6. Keep What You Reap. All of it. All your grass clippings, all your prunings, all your leaves. Sans weeds. It takes a very hot pile and a bit more practice to compost the weeds. This is what is in my second pile mentioned above. The dry stuff. It’s for layering.

7. Equipment. There are tools especially for turning compost. But a hand held shovel, spade and an “apple picker” (tined horse manure scoop) are also fine. A multi-tined fork would work just as well. A water source is mandatory. Gloves,wheel barrow or cart to move materials to the bin and finished compost away are helpful but not required.

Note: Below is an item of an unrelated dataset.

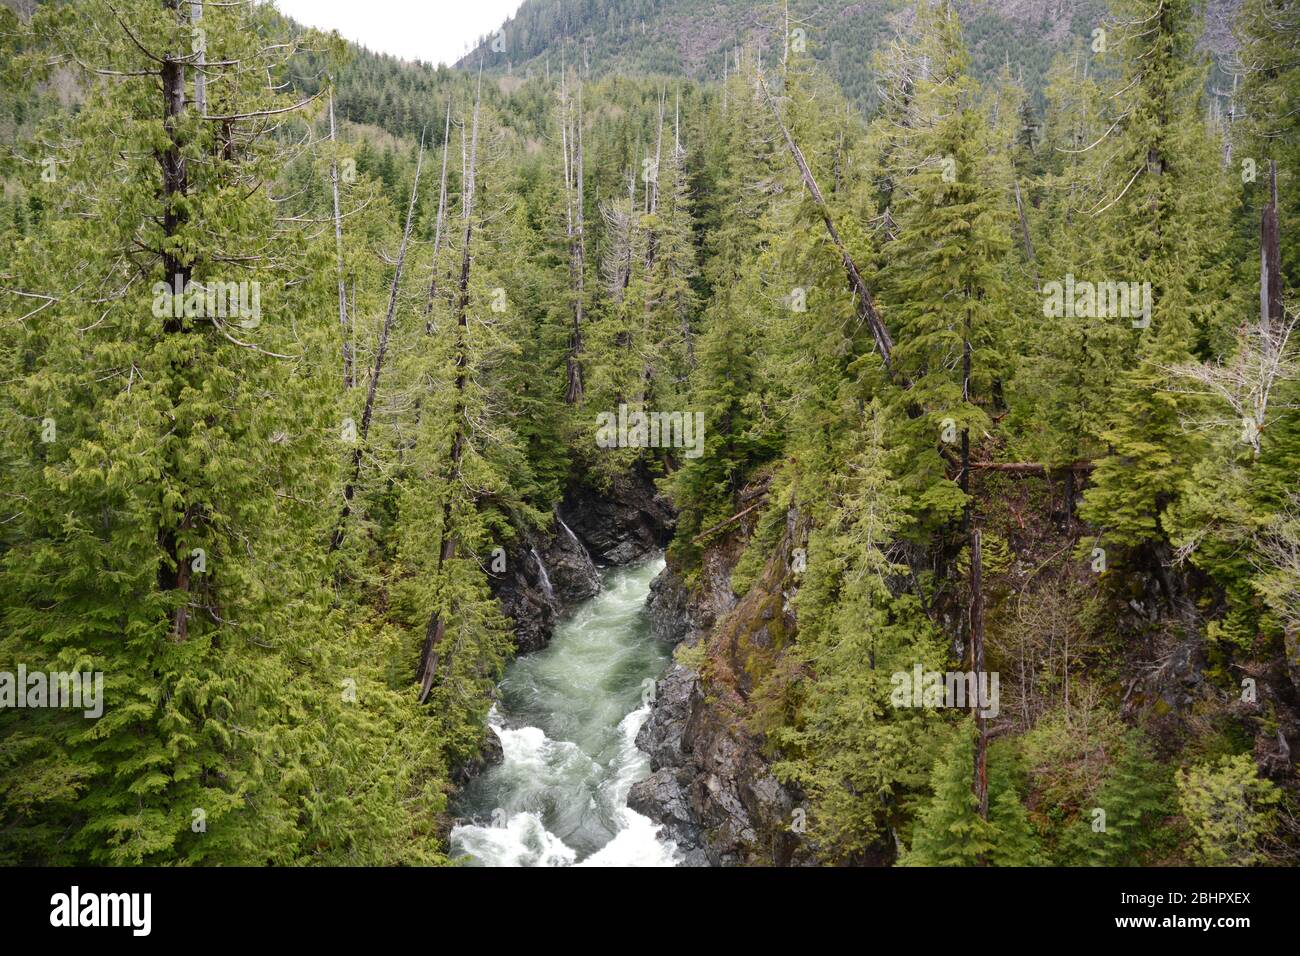 La gola e le rapide del fiume Gordon nella foresta pluviale temperata sulla costa occidentale dell'isola di Vancouver, Port Renfrew, British Columbia, Canada. Foto Stock

Start with a layer of chicken,horse or cow manure and wet it, layer on the dry stuff, then a layer of green clipping (freshly mown lawn) if you have it, then another layer of wet and a layer of dry. Soak, cover, and leave it. After a couple of weeks, take the tined fork to scoop and flip, then replace the compost into the pile, water and cover again. If you have chosen a bin use the tool each time materials are added or at least weekly to keep the compost cooking. In about 3 months, you should have a great addition to your soil that you just work in with the spade or hand held shovel.

In the 15 years composting experience of the author, there have been some failures, but many more successes using the seven tips for DIY making compost. No matter how small or simple just remember;in the words of www.compostingplace.com : enrich the earth;everyone can enjoy composting today!